Emotional Abuse

title Emotional Abuse
author Erin Hutton
publication Remix
date 2005/12
issue Vol 07 No 12
pages pg26 pg28 pg30

"Emotional Abuse" was an interview by Erin Hutton in Remix magazine, Vol 07 No 12, 2005-12.

Original Text[edit]

This is an original text copied verbatim from the original source. Do not edit this text to correct errors or misspellings. Aside from added wikilinks, this text is exactly as it originally appeared.

Dec 1, 2005 12:00 PM, By Erin Hutton

Perfection is a nebulous concept, one that varies dramatically depending on who or what is directing the point of comparison. In terms of music production, perfection is now generally sought after through true-to-life analog emulations and pristine digital recordings. But that ideal doesn't appeal to Scottish duo Boards of Canada, which seeks the opposite in its music. Mike Sandison and Marcus Eoin's idea of audio perfection exists in a surreal wash of imperfection — sound and instrumentation crippled and maimed to reveal a vintage beauty inspired by the sights and sounds of the past.

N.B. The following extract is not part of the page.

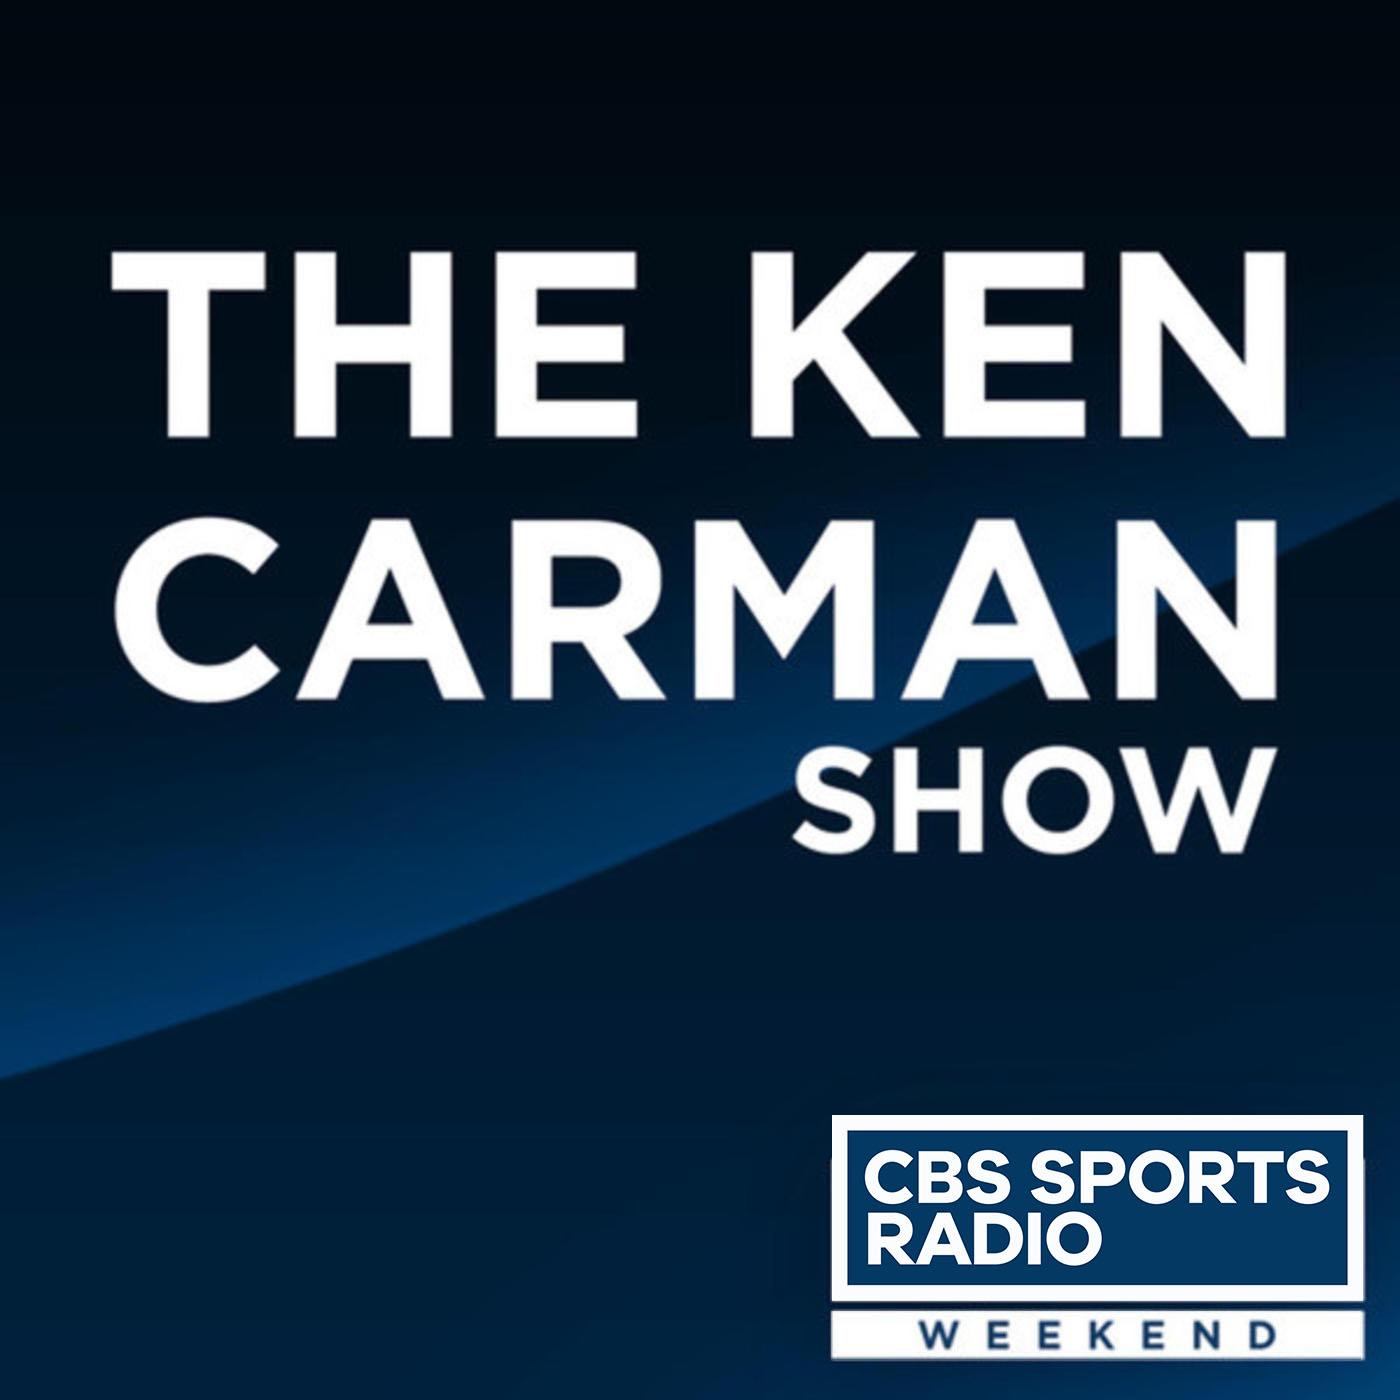 The Ken Carman Show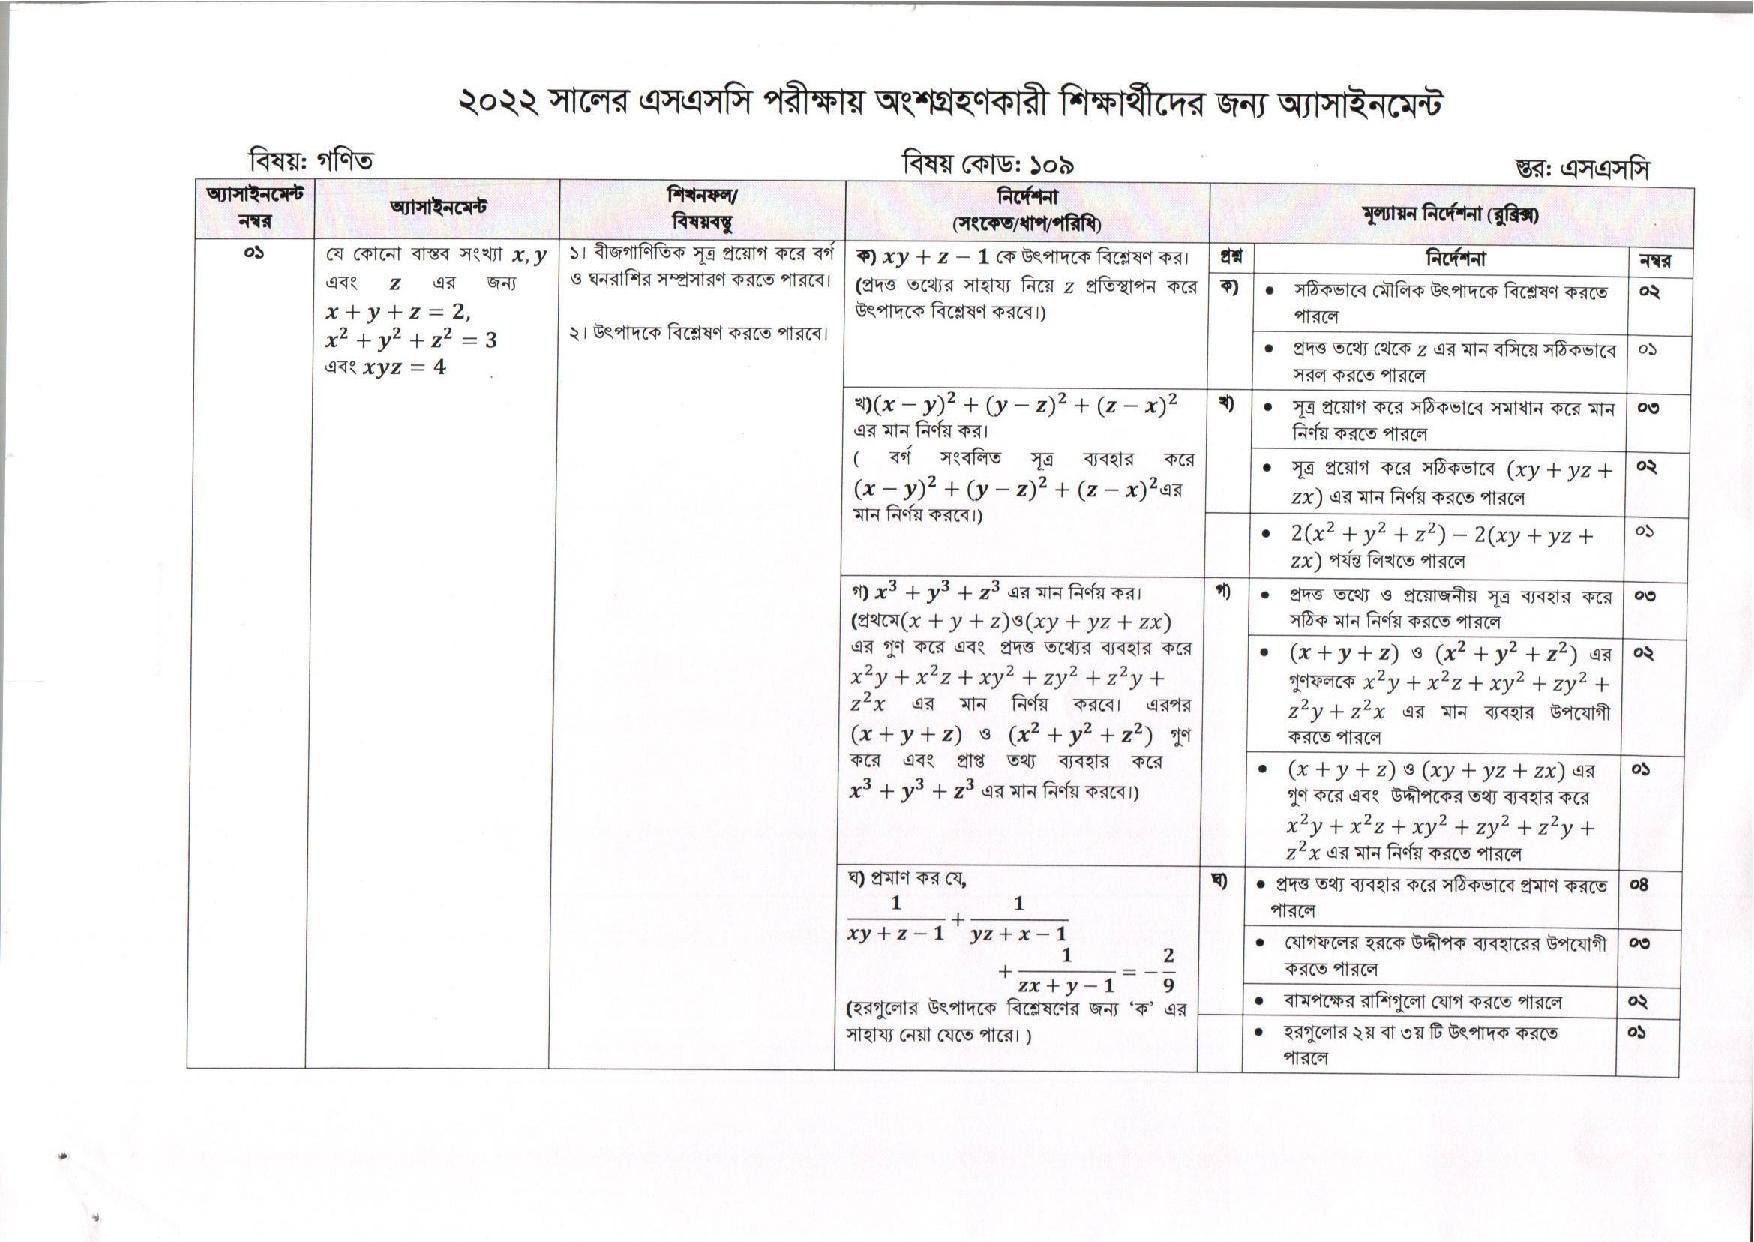 homework-1-page-004

Indeed, late-'70s television and film have historically played a large role in the Boards of Canada sound — specifically, the 16mm educational films produced by the National Film Board of Canada (hence the pair's name). Sandison and Eoin also draw from the vast well of early-'80s American TV dramas and weekend matinees, as well as the closing sequences from the Lorimar (Dallas, Eight Is Enough) and Stephen J. Cannell (The Rockford Files, The A-Team) production companies, for inspiration. Although Sandison and Eoin had been dabbling in recording since the early '80s (when they weren't yet teens), they began synthesizing their influences into proper recorded form in 1995 with the glorified demo Twoism (Music70; rereleased by Warp, 2002). Warp released the heralded Music Has the Right to Children in 1998 and the stellar follow-up, Geogaddi, in 2002. Now, BOC is back with The Campfire Headphase (Warp, 2005), and the group's '70s and '80s cinematic inspiration has given way to re-creation.

“We usually imagine our music to have a visual element while we're writing it, so we were picturing this character losing his mind at the campfire and compressing weeks of events into a few hours, in that time-stretching way that acid fucks with your perception,” Sandison says. “We wanted to simultaneously shift and reduce the sound palette, too, making it more like a conventional band gone over the edge. It's taking away the reliance on samples, vocals or cryptic references and adding more organic instrumentation. That's not to say we left all that behind for good; it was just the feel we had for this particular collection of songs.”


The songs on The Campfire Headphase take on the traditional Boards of Canada ethos of warbling half-consciousness not unlike, say, drifting about in a ketamine-induced haze. That sense coupled with the effect of timeworn tape is accompanied by warm analog tones, interesting synthetic flourishes (often detectable only with headphones) and surreal organic melodies. Sandison and Eoin layered everything from drums and guitars to flutes, whistles and various old analog synths and keyboards into the music — though, if they had their druthers, you wouldn't know it. Admittedly, Boards of Canada takes great pains to mangle any recognizable sound.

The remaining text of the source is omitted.